This second alternative seems the most plausible, as the majority of DOA and DOB genes are predicted to be mitochondrially targeted, and members of both subgroups are ANAC017 regulated (fig. 5). Of the seven DUF295 Organellar genes that are apparently regulated by ANAC017, five are present in tandem gene duplications. At5g54450, At5g54550, and At5g54560 form a consecutive group of three (from a total of six in close proximity) (see table 1), whereas At5g52930 and At5g52940 form a consecutive group (two out of two at this locus). This suggests their coregulation is possibly caused by coduplication of regulatory information. This coexpression of neighboring genes has been observed previously for unrelated MATE multidrug and toxin efflux carriers At2g04040, At2g04050, and At2g04070, which are also part of the ANAC017-regulated mitochondrial retrograde pathway (Van Aken et al. 2007, 2016). Possibly, the currently non-ANAC017-regulated organellar DUF295 genes may have lost some of their regulatory information over time.

In conclusion, this study provides compelling evidence for neofunctionalization of proteins via intercompartmental gene duplication in plants, thus adding to the lineage-specific organellar proteome (fig. 8) (Szklarczyk and Huynen 2009). Our study further shows that such duplications can then result in integration into existing and relevant gene regulatory networks, which can be considered as the next stage in the creation of new and useful function. The precise function of the DUF295 proteins is only beginning to be understood, especially of the Brassicaceae-specific subtypes. As they represent 0.3% of the total A. thaliana protein-coding gene content, it is likely that future studies will find out more by both targeted and untargeted approaches.

Fig. 8.

Fig. 8.

Model for the evolution of the DUF295 gene family. Our analyses suggest that the DUF295-related domain evolved as an additional C-terminal domain to existing F-box proteins in early angiosperms (presumably 140–180 Ma). The DUF295 domain was then consolidated in monocots and dicots forming the ancestral F-box DUF295 (FDA) protein family, which expanded extensively in the different species via (tandem) gene duplication events. More recently (∼32 Ma), aberrant gene duplications specifically in the Brassicaceae resulted in divergent F-box DUF295 (FDB) proteins. The F-box domain was most likely lost t by “faulty” or incomplete gene duplication and replaced with a mitochondrial or chloroplast targeting peptide (mTP/cTP), resulting in the Brassicaceae-specific DUF295 Organellar (DOA and DOB) protein family. All DUF295 protein families appear to have expanded strongly by subsequent (tandem) gene duplication events.

Materials and Methods

Plant Materials and Growth Conditions

Arabidopsis thaliana (L.) Heynh. Col-0 was used in all experiments. Seeds were sown on soil mix or MS media with 2% sucrose and stratified for 2–3 days at 4 °C, then grown under long-day conditions (16 h light/8 h dark) at 22 °C and 100 µmol m−2 s−1. Previously published transgenic lines were obtained from Ng et al. (2013)anac017-anac017-1 SALK_022174. DUF295 mutant lines (fig. 5) were genotyped using PCR on genomic DNA using primers shown in supplementary table 4, Supplementary Material online.
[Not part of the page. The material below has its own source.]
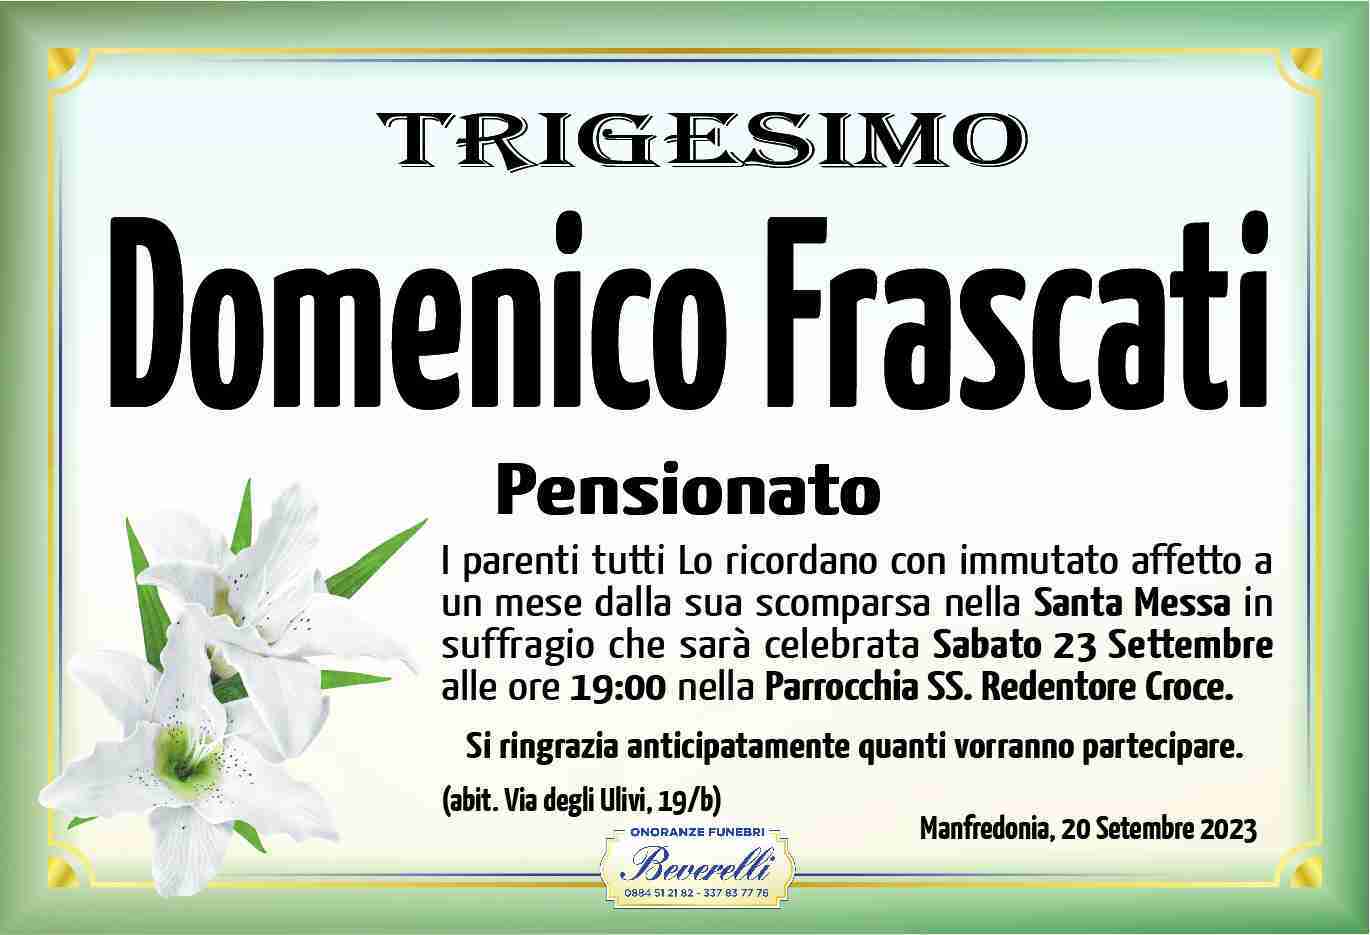 Domenico Frascati

Stress Treatments of Plants

Seeds were sown on petri dishes containing MS medium (Duchefa-Biochimie) + 2% sucrose, stratified for 2–3 days in the cold room and then incubated in long-day growth conditions for 14 days. Pools of plants were then collected before or after treatment and immediately placed in liquid nitrogen for storage and further processing. For transcript analysis, plants were sprayed with 50 µM antimycin A. In vitro stress assays were performed as previously described (De Clercq et al. 2013). For root growth assays, the different plant lines were incubated on vertically positioned plates supplemented with 50-µM antimycin A or 20 µM methylviologen. Plants were stratified in the cold room for 3 days and incubated for 7 days in long-day conditions. Primary root length was measured using ImageJ. Statistical analysis was performed using Student’s t-test.

Quantitative Reverse Transcription-PCR and Microarray Analysis

RNA isolation, cDNA generation, and quantitative reverse transcription-PCR (qRT-PCR) were performed as described in Van Aken et al. (2013) using Spectrum RNA Plant extraction kits (Sigma-Aldrich, Sydney, Australia), iScript cDNA synthesis kit (Bio-Rad), and a Roche LC480 Lightcycler using SYBRgreen detection assays. All primers for qRT-PCR are shown in supplementary table 4, Supplementary Material online. Relative expression values were normalized, with untreated Col-0 samples set as 1. Statistical analyses were performed using Student’s t-test throughout the manuscript, except where indicated.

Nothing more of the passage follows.